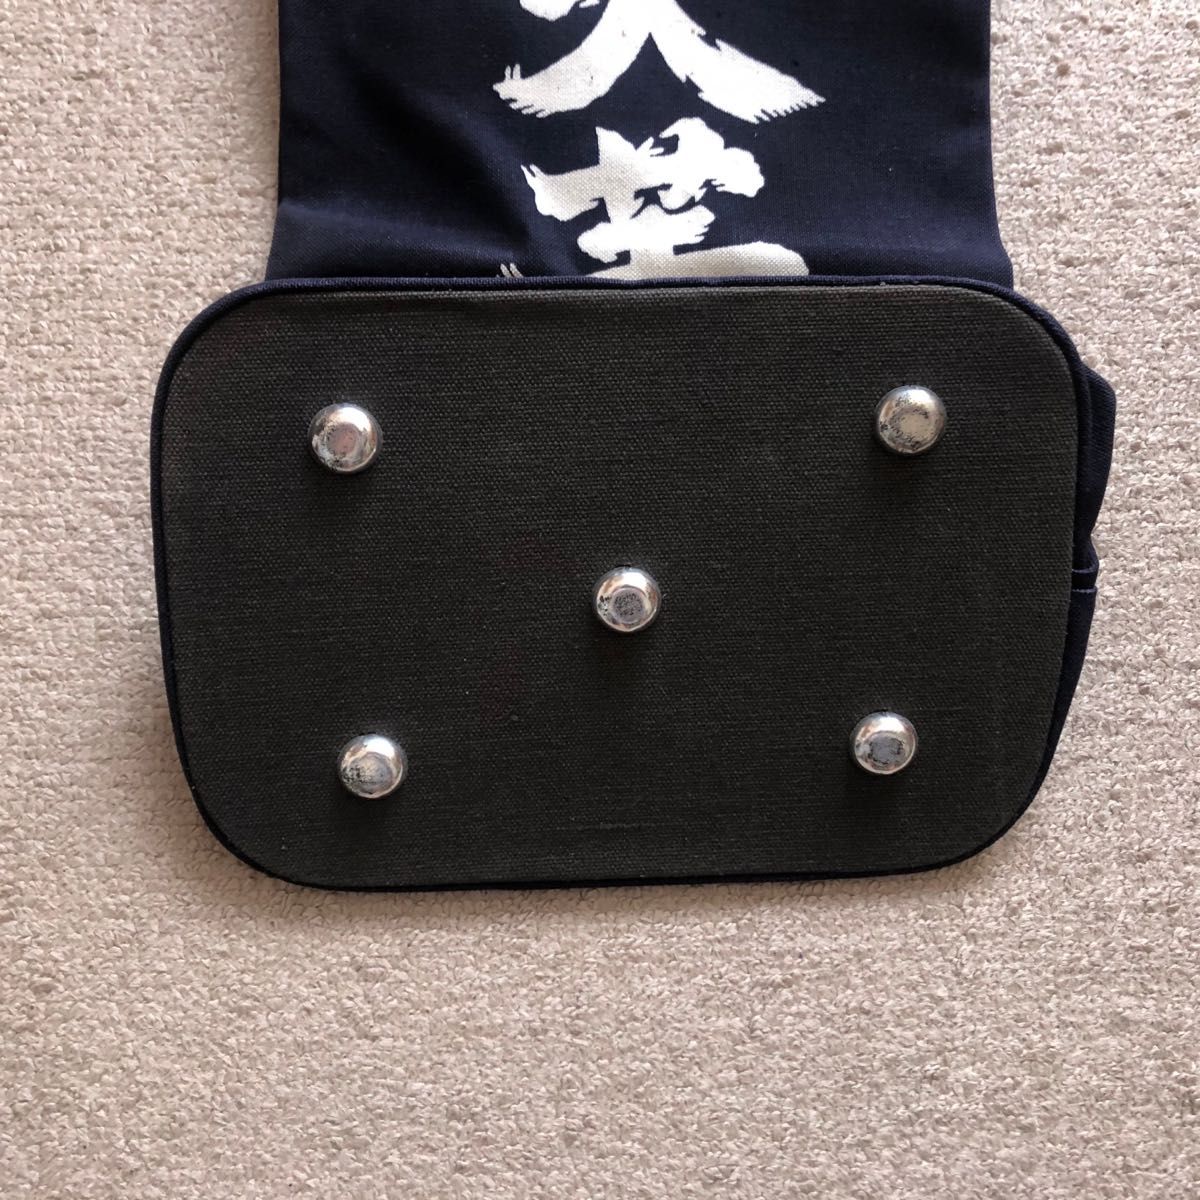 甚吉袋　酒袋　日本酒袋　通い袋　通袋　エコバッグ　マイバッグ　工具袋
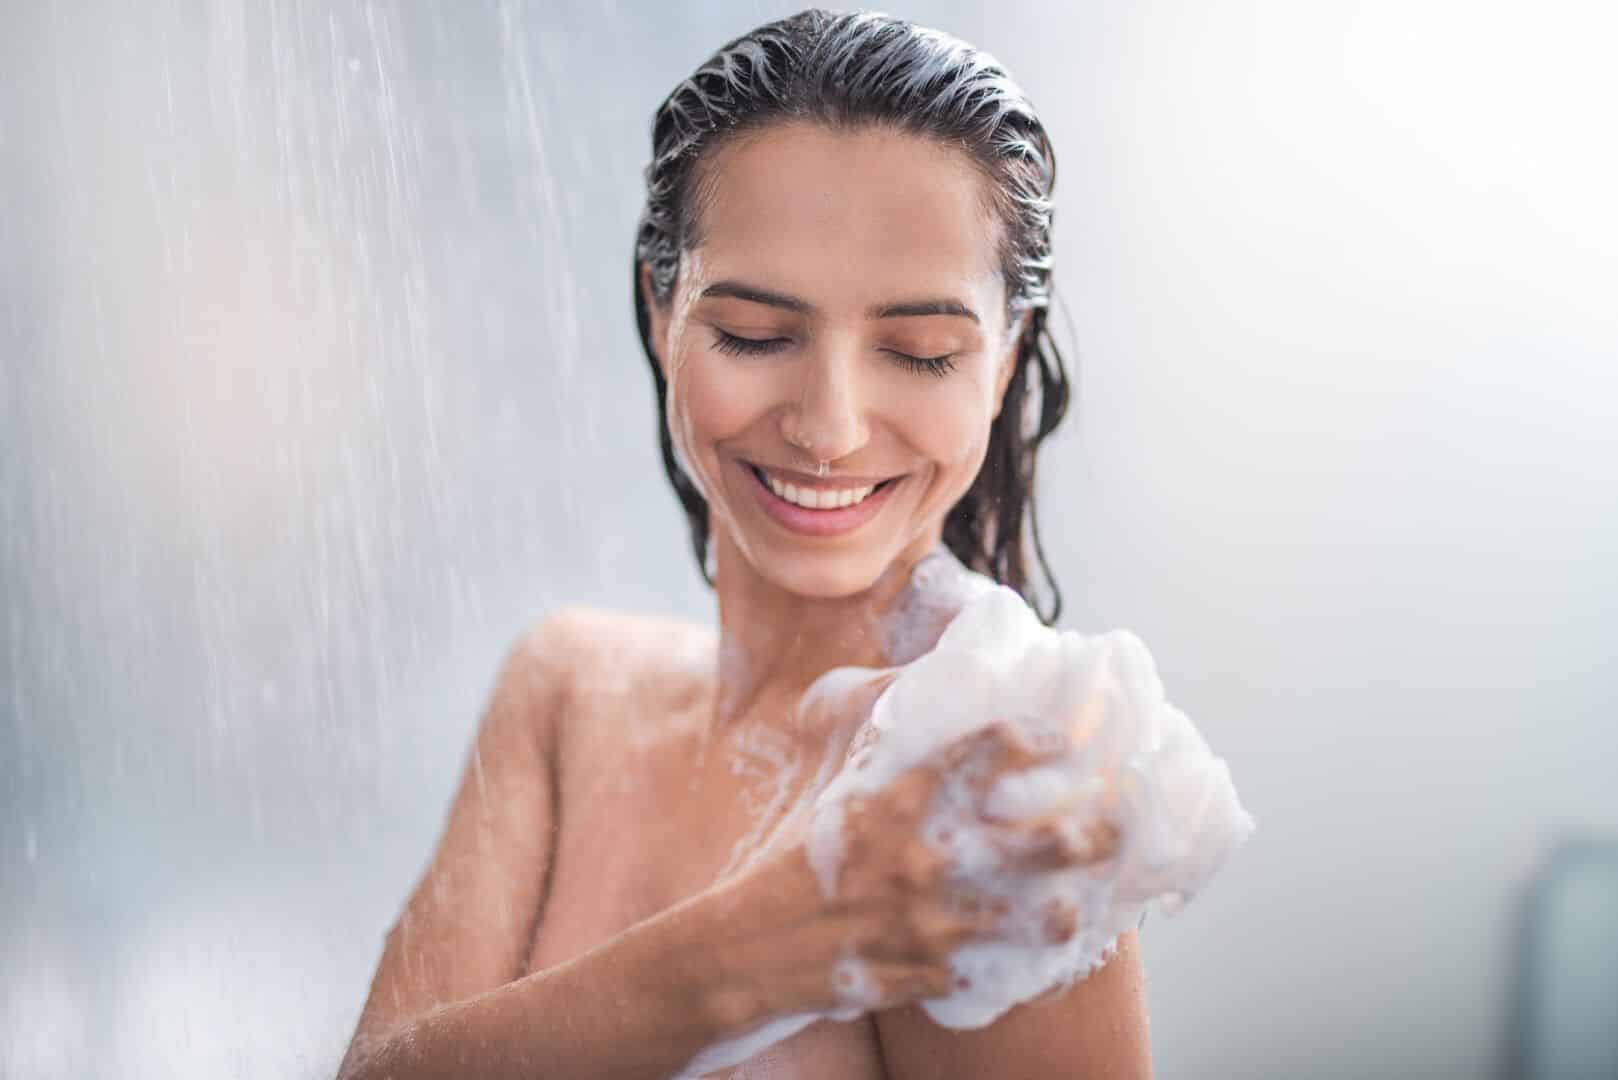 banho gelado 9 beneficios pro corpo e pra mente 1 - Baño frío: 9 beneficios para el cuerpo y la mente
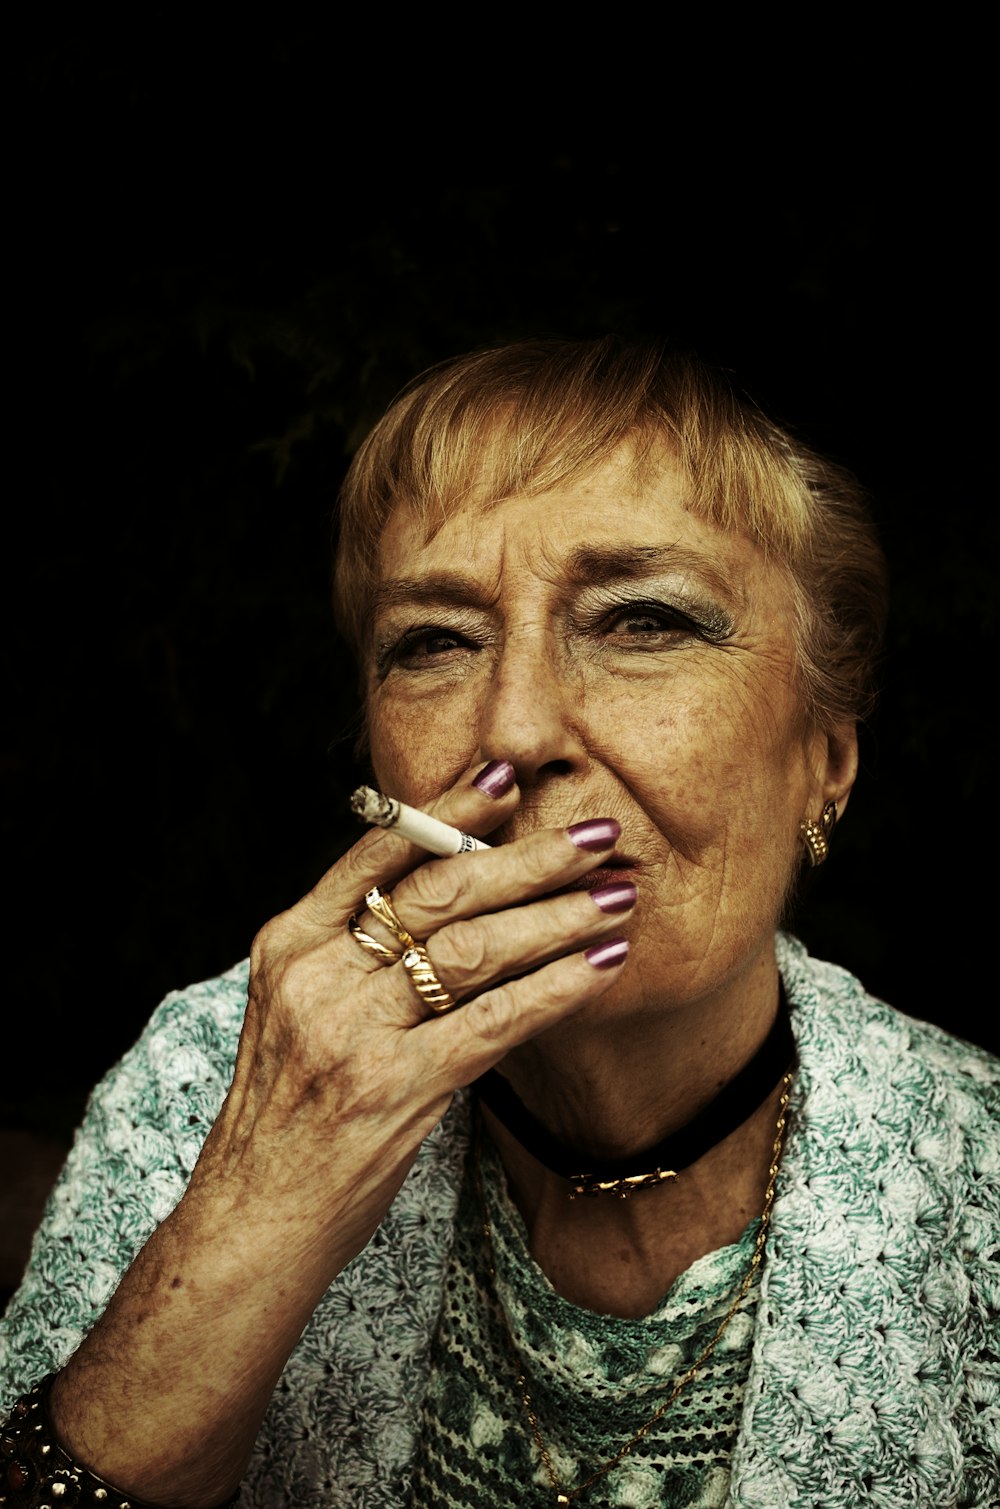 woman using cigarette

**TASK TO COMPLETE**
Please repeat every line of the material above exactly and without its pictures.

**RESULT BELOW**
 甚吉袋　酒袋　日本酒袋　通い袋　通袋　エコバッグ　マイバッグ　工具袋
 banho gelado 9 beneficios pro corpo e pra mente 1 - Baño frío: 9 beneficios para el cuerpo y la mente
 woman using cigarette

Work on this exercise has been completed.